The Header is 3 doublewords or 4 doublewords in size and may include information such as; Address, TLP type, transfer size, requester ID/completer ID, tag, traffic class, byte enables, completion codes, and attributes (including "no snoop" and "relaxed ordering" bits). The TLP types are defined in Table 2-2 on page 57.

The address is a 32-bit memory address or an extended 64-bit address for memory requests. It is a 32-bit address for IO requests. For configuration transactions the address is an ID consisting of Bus Number, Device Number and Function Number plus a configuration register address of the targeted register. For completion TLPs, the address is the requester ID of the device that originally made the request. For message transactions the address used for routing is the destination device's ID consisting of Bus Number, Device Number and Function Number of the device targeted by the message request. Message requests could also be broadcast or routed implicitly by targeting the root complex or an upstream port.

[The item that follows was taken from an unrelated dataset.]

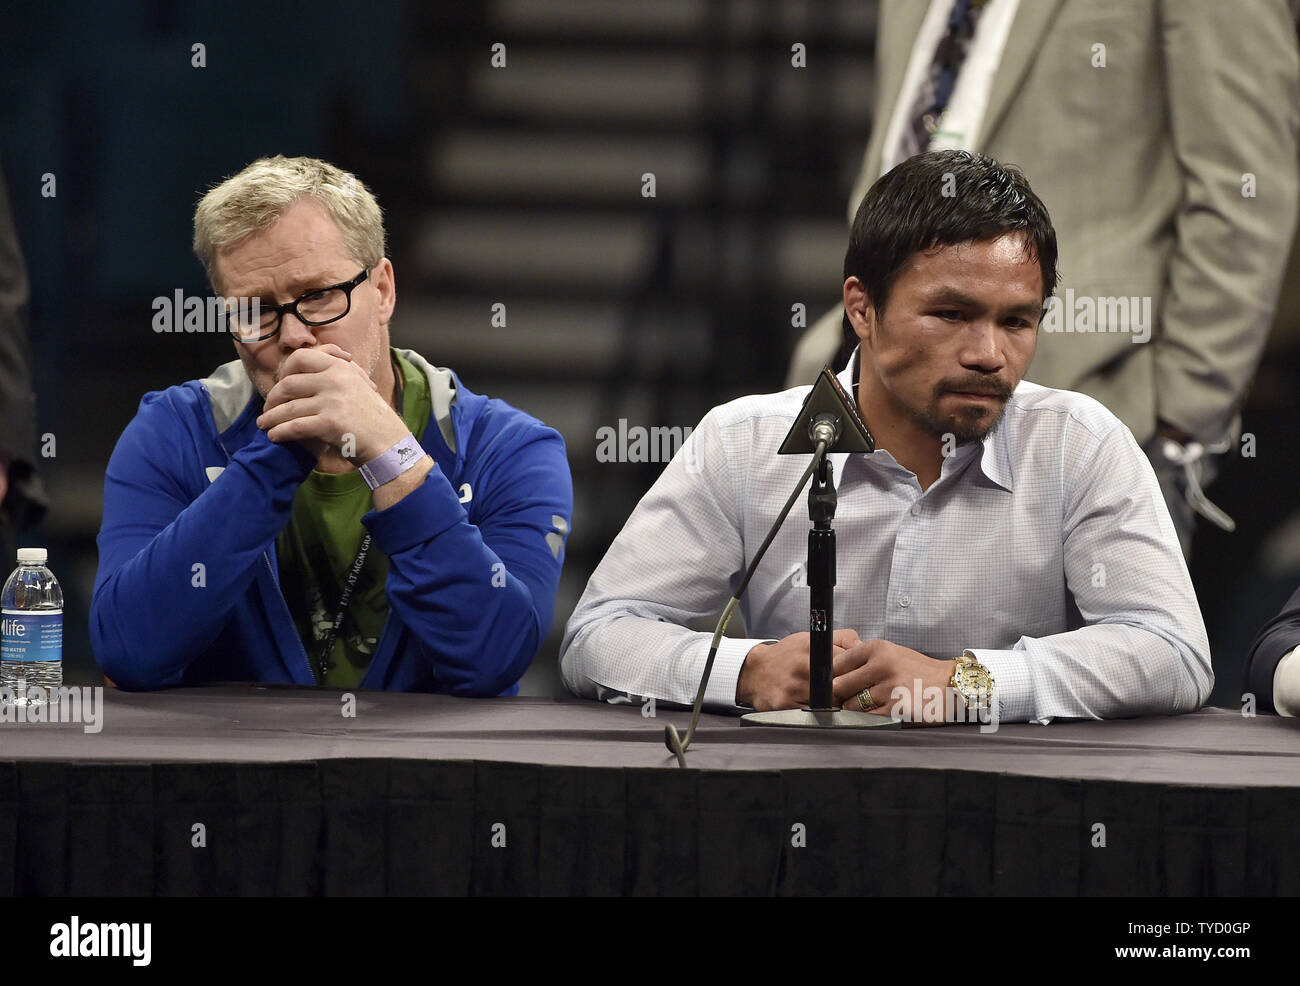 Manny Paciquiao, right, and his trainer, Freddie Roach look on during a news conference after his welterweight unification bout against Floyd Mayweather Jr. at MGM Grand Garden Arena Saturday, May 2, 2015, in Las Vegas, Nevada. Mayweather won with an unanimous decision after the 12 round fight. Photo by David Becker/UPI Stock Photo

The transfer size or length field indicates the amount of data to transfer calculated in doublewords (DWs). The data transfer length can be between 1 to 1024 DWs. Write request TLPs include data payload in the amount indicated by the length field of the header. For a read request TLP, the length field indicates the amount of data requested from a completer. This data is returned in one or more completion packets. Read request TLPs do not include a data payload field. Byte enables specify byte level address resolution.

Request packets contain a requester ID (bus#, device#, function #) of the device transmitting the request. The tag field in the request is memorized by the completer and the same tag is used in the completion.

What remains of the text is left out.